# [ASSIGNED TASK]
The answer is an exact copy of the lines from the one with "Microsoft Office 2016 (Windows)" to the end of the listing below, pictures left out.

# [GIVEN MATERIAL]

---+---

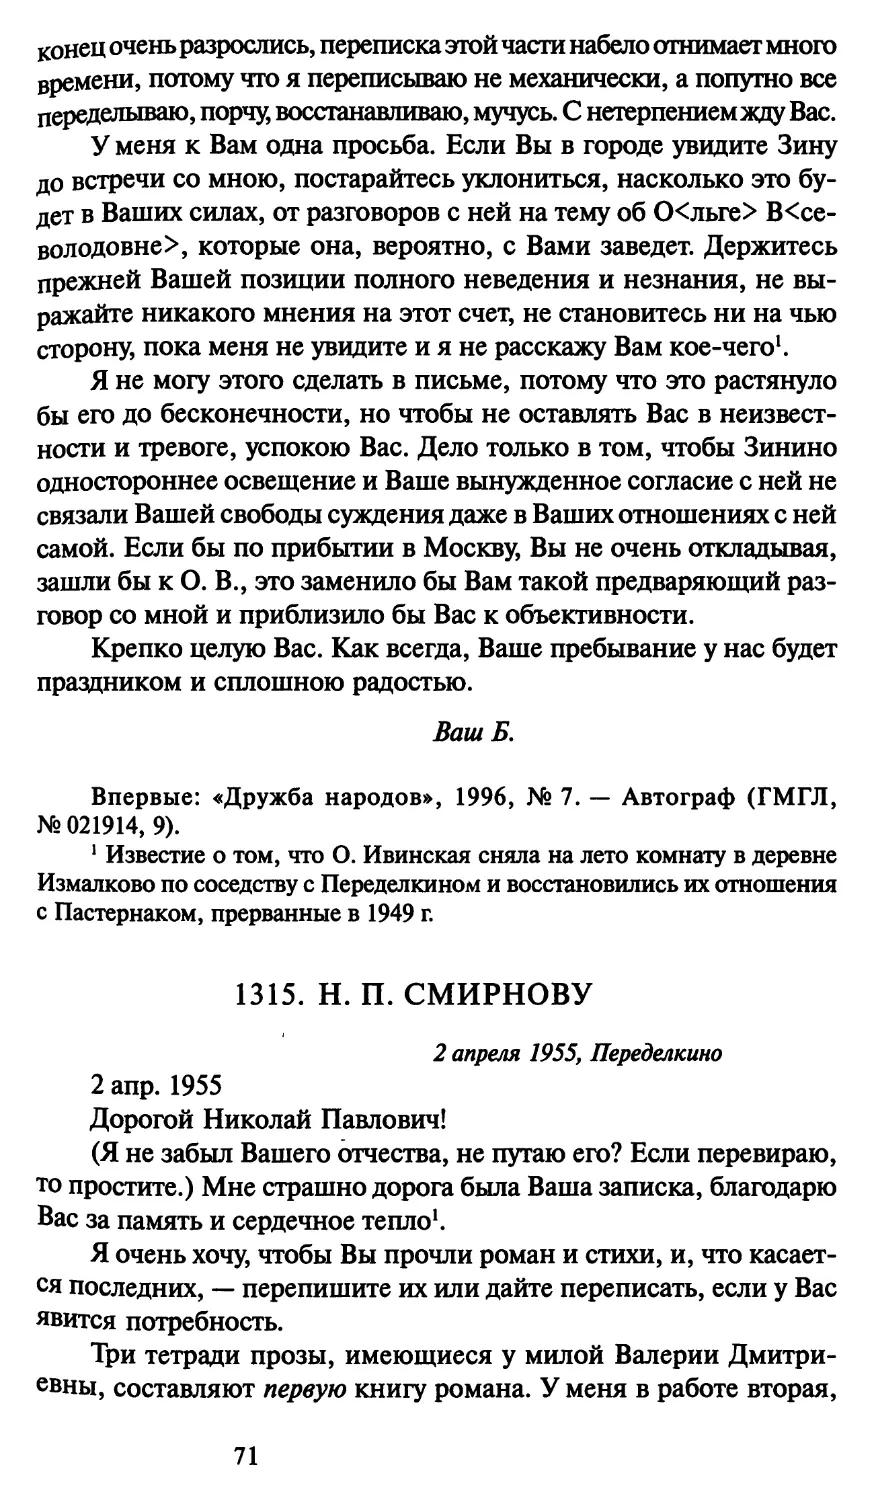 1315. Н. П. Смирнову 2 апреля 1955
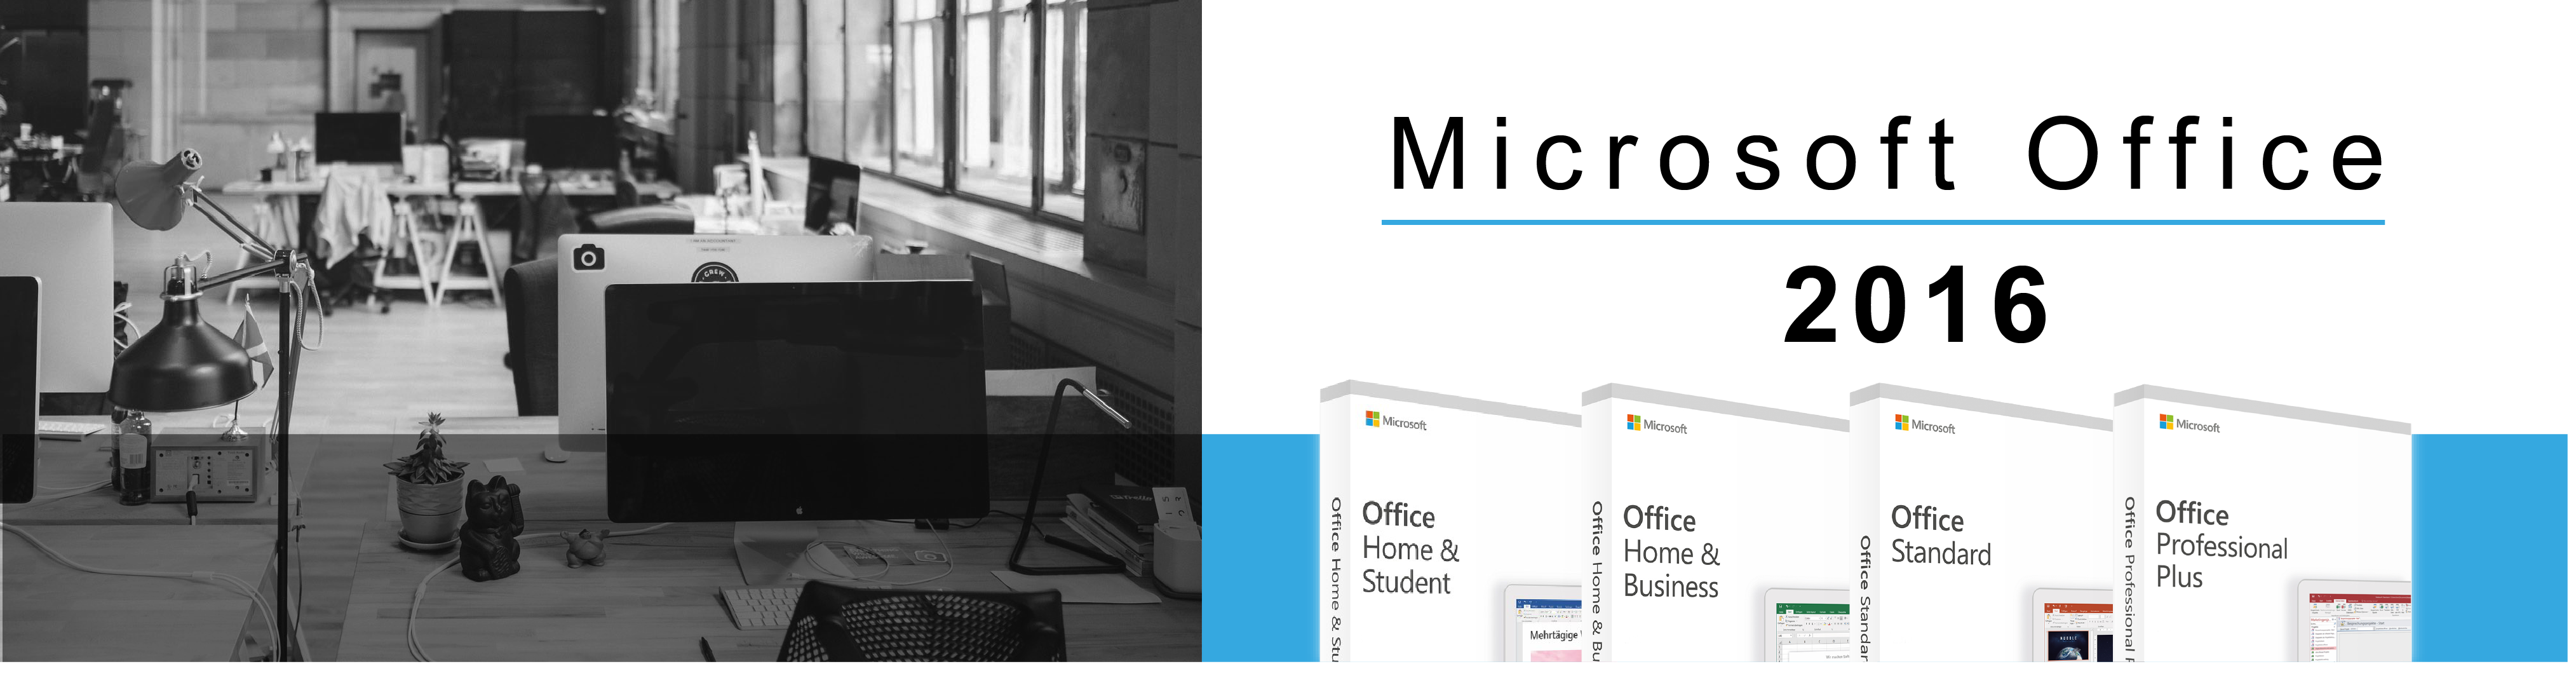 Microsoft Office 2016 (Windows)
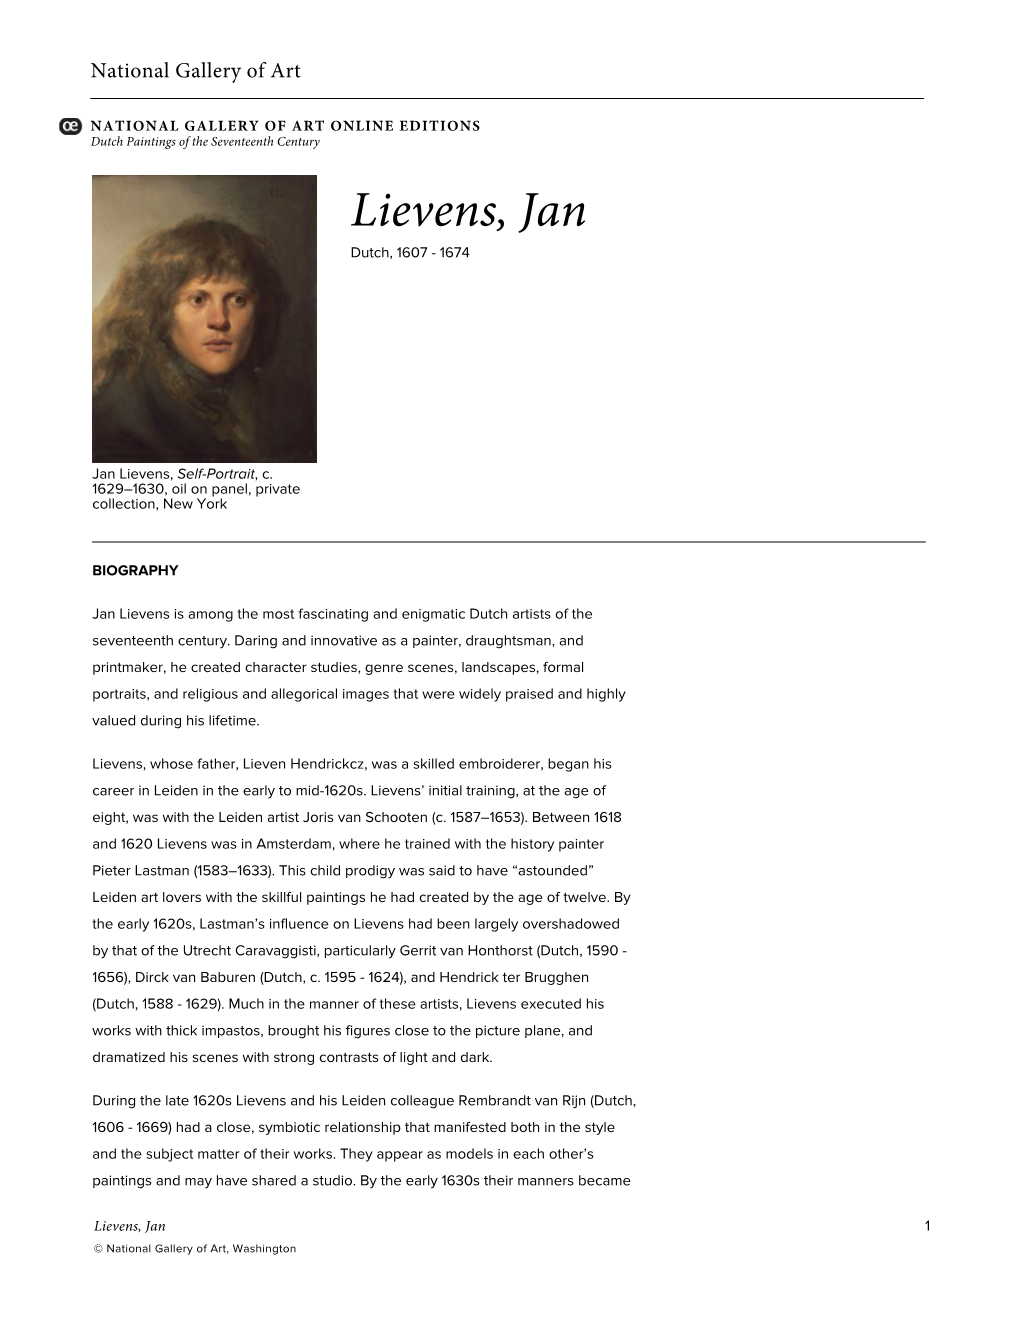 Lievens, Jan Dutch, 1607 - 1674

---+---

# [ANSWER]
 Microsoft Office 2016 (Windows)
 Lievens, Jan Dutch, 1607 - 1674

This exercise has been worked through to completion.